New research from the World Wildlife Fund is giving us a rare glimpse into the world of the mysterious minke whale. The WWF worked with Australian Antarctic researchers to tag minke whales with cameras for the first time, watching where and how the animals feed.

The camera attaches to the whale's body with suction cups. In the case of the video below, the camera accidentally slid down the side of the minke whale's body, providing an unexpected look at the way its throat moves as it feeds.

Minke whales are one of the smallest baleen whales, but they're still pretty substantial animals, growing 30 to 35 feet long and weighing up to 20,000 pounds. Unlike other baleen whales, though, they're small enough to maneuver in tight spaces like within sea ice, a helpful adaptation for living in Antarctic waters. They feed by lunging through the sea, gulping huge amounts of water along with krill and small fish, and then filtering the mix through their baleen.

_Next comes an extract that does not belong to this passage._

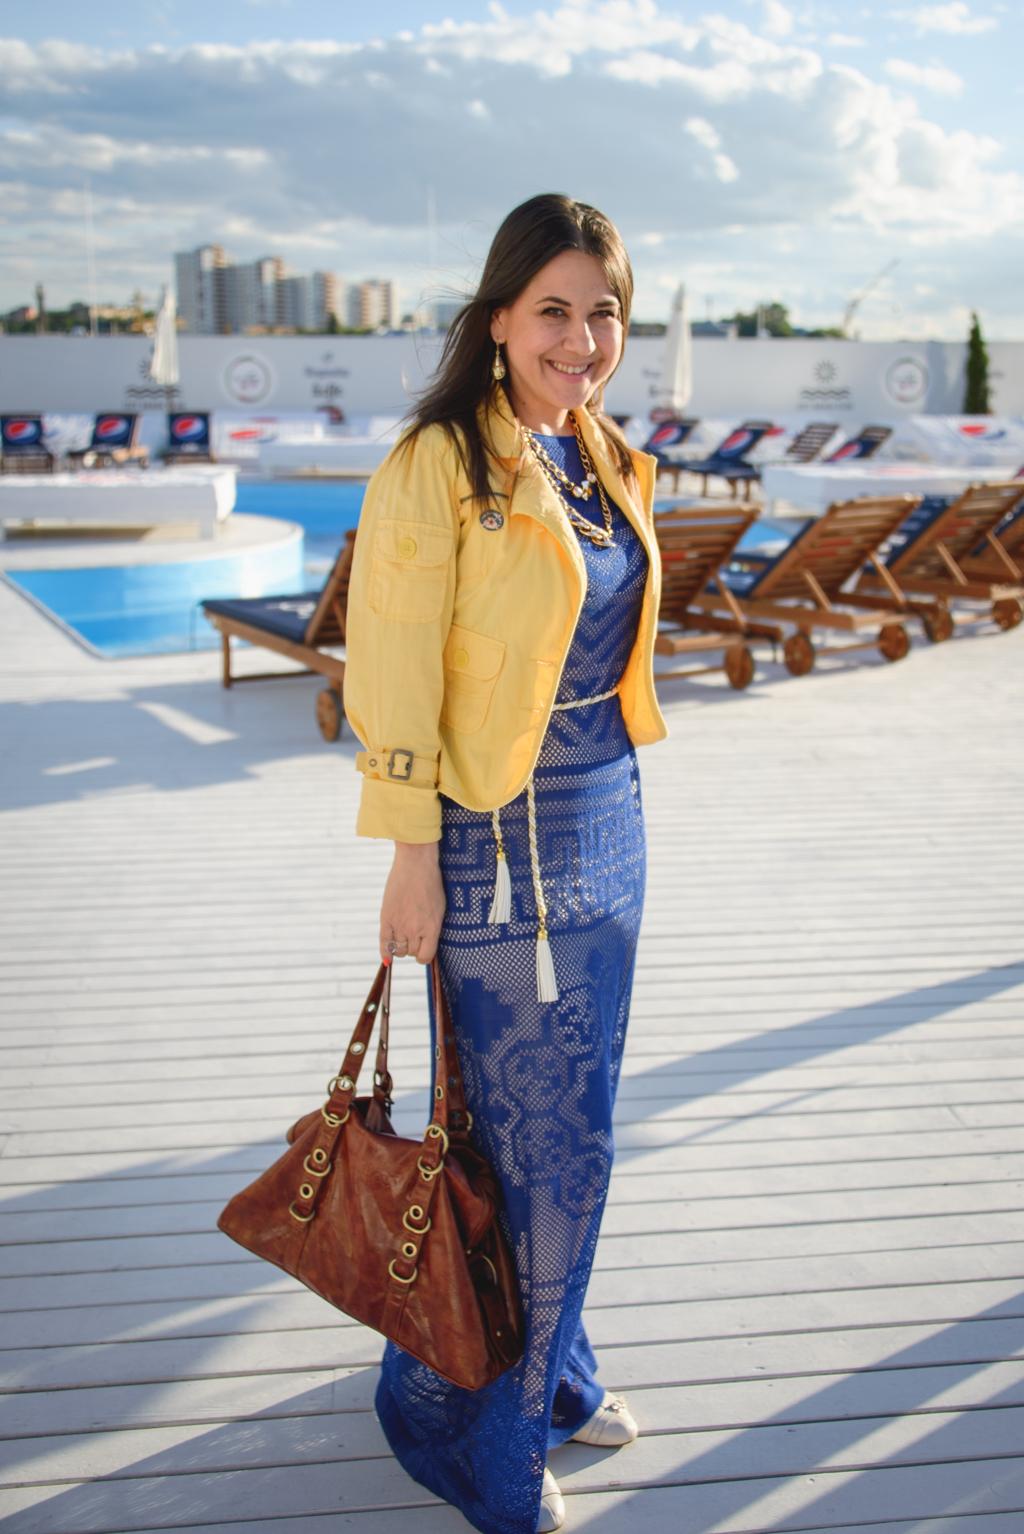 Певица Анжелика Рудницкая проявила свой патриотизм посредством наряда в цветовой гамме украинского флага

The WWF video shows just how quickly the minke can process this treat-laden water. The whale could lunge, process, and lunge again every 10 seconds. "He was like a Pac-Man continuously feeding," Ari Friedlaender, the lead scientist on the project, described in a press statement.

The video research, conducted under the International Whaling Commission's Southern Ocean Research Partnership, is part of WWF's efforts to protect critical feeding areas for whales in the region.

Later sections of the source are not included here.